Olufunmilayo Olopade, MD, discovered that most breast cancers in women of African ancestry are the aggressive triple-negative subtype and began to identify genetic variants contributing to this disparity.
Susan Cohn, MD, led efforts to establish a risk group classification system for neuroblastoma, a common pediatric cancer, and identified factors that contribute to the subgroup differences.
2010 - 2014
Chuan He, PhD, with Lucy Godley, MD, PhD, developed the first tool to identify genome-wide changes in the epigenetic modification 5-methylcytosine in cancer.
Kenan Onel, MD, PhD, identified genetic variants associated with radiation therapy-induced secondary cancers.
Ernst Lengyel, MD, PhD, uncovered the importance of the ovarian cancer microenvironment in promoting tumor progression and metastasis and molecular pathways involved, some of which are attractive therapeutic targets.
Chun-Su Yuan, MD, PhD, identified the molecular mechanisms responsible for ginseng's chemopreventive activity in colorectal cancer.
Sonali Smith, MD, led a multi-center study that shows hematopoietic cell transplantation is beneficial as an early therapy for T-cell non-Hodgkin lymphoma.
Megan McNerney, MD, PhD, and Kevin White, PhD, cloned CUX1, a long-sought tumor suppressor gene on chromosome 7 frequently inactivated in acute myeloid leukemia.
Yusuke Nakamura, MD, PhD, developed a novel anti-cancer therapy targeting the T-lymphokine-activated killer cell-originated protein kinase (TOPK) and demonstrated potent activity in preclinical lung cancer studies.
2015 - 2019
Chuan He, PhD, developed methods to investigate mRNA epitranscriptomic modifications, leading to understanding of their role in mRNA stability and gene expression, and demonstrated their role in oncogenesis.
Thomas Gajewski, MD, PhD, demonstrated the role of β-catenin signaling in tumor immune exclusion and PD1 checkpoint inhibitor therapy resistance, showing that the T cell-inflamed tumor microenvironment is a biomarker of response to immunotherapy.
Suzanne Conzen, MD, discovered a role for the stress hormone, glucocorticoid, as an alternative biological pathway used by breast and prostate cancer cells to escape dependence on estrogen or testosterone.
Rita Nanda, MD, led a clinical study showing that checkpoint inhibitors are an effective therapy for treating the aggressive triple-negative breast cancer.
Wenbin Lin, PhD, and Ralph Weichselbaum, MD, developed advanced nanoscale metal-organic frameworks that deliver chemotherapy and photodynamic drugs designed to synergize with radiotherapy and immunotherapy.

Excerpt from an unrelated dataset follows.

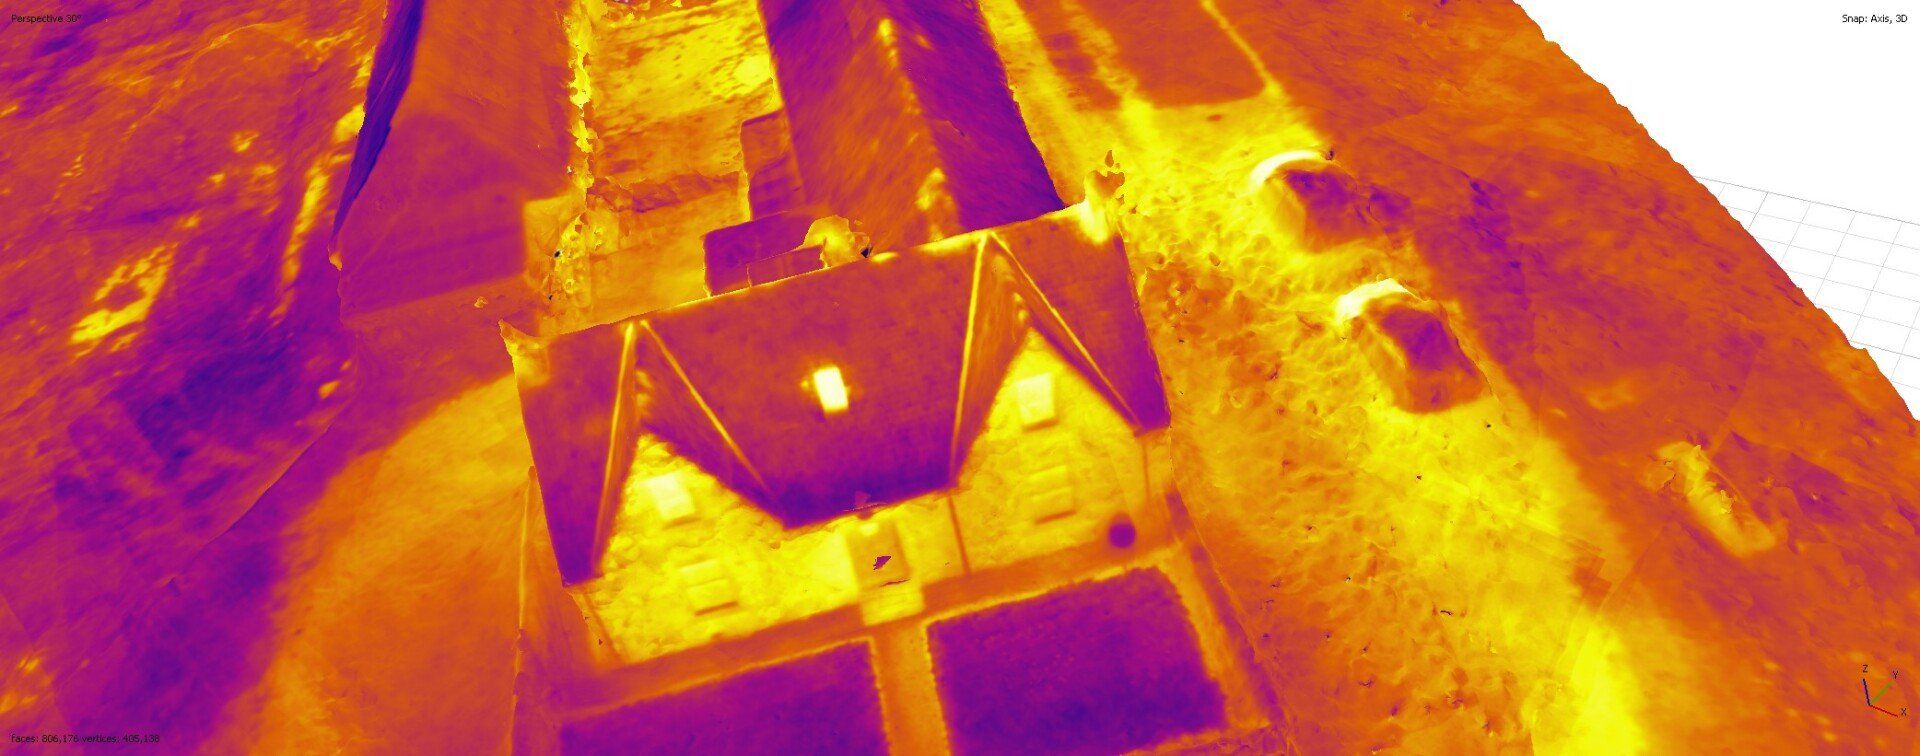 Thermal survey of historic buildings

Pictured: Ralph Weichselbaum, MD
Richard Larson, MD, demonstrated that the addition of the drug midostaurin to the standard of care for acute myeloid leukemia (AML) therapy, improved survival in patients with FLT3 mutations, strengthening targeted therapeutic approaches for AML.
Tara Henderson, MD, MPH, championed novel approaches to childhood cancer survivorship care to address the needs of this growing population and improve their long-term care.
Hedy Kindler, MD, discovered that PARP inhibition successfully stopped disease progression for metastatic pancreatic cancer in patients with BRCA1/2 mutations.
Mark Ratain, MD, and Russell Szmulewitz, MD, found that taking a lower dose of the expensive prostate cancer drug abiraterone with food lowers costs, addressing financial toxicity, or the economic burden placed on patients by the high cost of care.
2020 -
Karen Kim, MD, developed novel approaches to implement colon cancer screening in an effort to address disparities and increase use of the live-saving intervention.
Eric Pamer, MD, identified patterns of microbiota disruption that occur in cancer patients during hematopoietic-cell transplant and determined how to use these patterns as predictors of outcome following transplantation.